DIT详解

1. 模型简介

Dit来自论文《Scalable Diffusion Models with Transformers》,是构成Sora文生视频的核心。在Stable Diffusion中,image被压缩到latents之后,会继续被送到unet构建的attention中,然后再DIT中,作者把unet进行了替换,而使用Transformer。在推理速度和质量上达到了SOTA。

2. 模型架构

论文中的结构图如下:

3. 部件解析

3.1. 模型整体架构

模型整体包含如下架构:

  1. patch_embedding 标识每个patch
  2. t_embedding 时间embedding
  3. pos_embedding sin/cos embedding,用来标识位置信息的
  4. DiT Blocks 核心部件
  5. final_layer 对应模型的LayerNorm操作
  6. unpatchify 对应模型reshape操作

来看一下模型代码整体结构,如下所示:

ini 复制代码
class DiT(nn.Module):
    """
    Diffusion model with a Transformer backbone.
    """
    def __init__(
        self,
        input_size=32,
        patch_size=2,
        in_channels=4,
        hidden_size=1152,
        depth=28,
        num_heads=16,
        mlp_ratio=4.0,
        class_dropout_prob=0.1,
        num_classes=1000,
        learn_sigma=True,
    ):
        super().__init__()
        # 
        self.learn_sigma = learn_sigma
        # 输入维度
        self.in_channels = in_channels
        # 输出维度,如果learning_sigma=True,则输出2倍in_channel, 否则out_channel=in_channel
        # 一般情况下设置为True
        self.out_channels = in_channels * 2 if learn_sigma else in_channels
        # 分patch_size * patch_size块
        self.patch_size = patch_size
        # 多头注意力机制的头数量
        self.num_heads = num_heads
        
        # 依照VIT的patch_embed做法,引入的是from timm.models.vision_transformer import PatchEmbed
        # 也就是说,将input_size的图像分成patch_size * patch_size个块,然后每个块用hidden_size维向量标识位置
        self.x_embedder = PatchEmbed(input_size, patch_size, in_channels, hidden_size, bias=True)
        # 创建时间embedder
        self.t_embedder = TimestepEmbedder(hidden_size)
        # 为了引导无分类标签,将随机扔掉label里面的值
        self.y_embedder = LabelEmbedder(num_classes, hidden_size, class_dropout_prob)
        num_patches = self.x_embedder.num_patches
        # Will use fixed sin-cos embedding:
        self.pos_embed = nn.Parameter(torch.zeros(1, num_patches, hidden_size), requires_grad=False)

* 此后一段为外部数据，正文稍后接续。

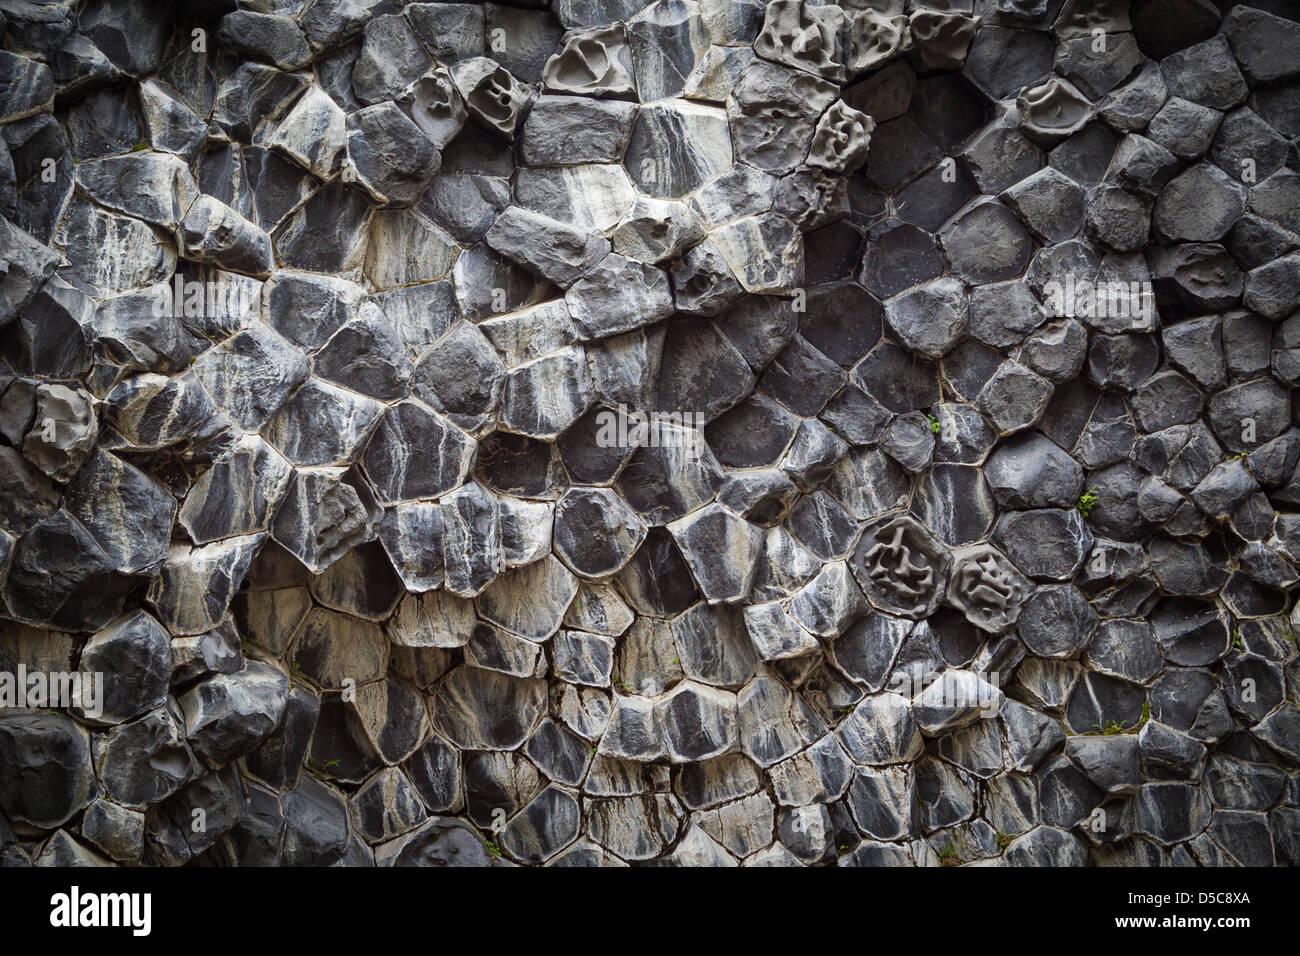 Hexagonal and pentagonal baslatic columns are the remains of old volcanic activity in Jokulsargljufur National Park - Stock Image

        self.blocks = nn.ModuleList([
            DiTBlock(hidden_size, num_heads, mlp_ratio=mlp_ratio) for _ in range(depth)
        ])
        # 
        self.final_layer = FinalLayer(hidden_size, patch_size, self.out_channels)
        self.initialize_weights()

    def initialize_weights(self):
        ...

    def unpatchify(self, x):
        """
        x: (N, T, patch_size**2 * C)
        imgs: (N, H, W, C)
        """
        c = self.out_channels
        p = self.x_embedder.patch_size[0]
        h = w = int(x.shape[1] ** 0.5)
        assert h * w == x.shape[1]

        x = x.reshape(shape=(x.shape[0], h, w, p, p, c))
        x = torch.einsum('nhwpqc->nchpwq', x)
        imgs = x.reshape(shape=(x.shape[0], c, h * p, h * p))
        return imgs

    def forward(self, x, t, y):
        """
        Forward pass of DiT.
        x: (N, C, H, W) tensor of spatial inputs (images or latent representations of images)
        t: (N,) tensor of diffusion timesteps
        y: (N,) tensor of class labels
        """
        # 对应patchify
        x = self.x_embedder(x) + self.pos_embed  # (N, T, D), where T = H * W / patch_size ** 2, T是分块数量
        t = self.t_embedder(t)                   # (N, D)
        y = self.y_embedder(y, self.training)    # (N, D)
        # 对应Label 和 timestep相加
        c = t + y                                # (N, D)
        # 对应送入Dit Blocks
        for block in self.blocks:
            x = block(x, c)                      # (N, T, D)
        # 对应layer_norm
        x = self.final_layer(x, c)                # (N, T, patch_size ** 2 * out_channels)
        # 将patch合并成一整个大图,对应reshape操作
        x = self.unpatchify(x)                   # (N, out_channels, H, W)
        return x

    def forward_with_cfg(self, x, t, y, cfg_scale):
        """
        Forward pass of DiT, but also batches the unconditional forward pass for classifier-free guidance.
        """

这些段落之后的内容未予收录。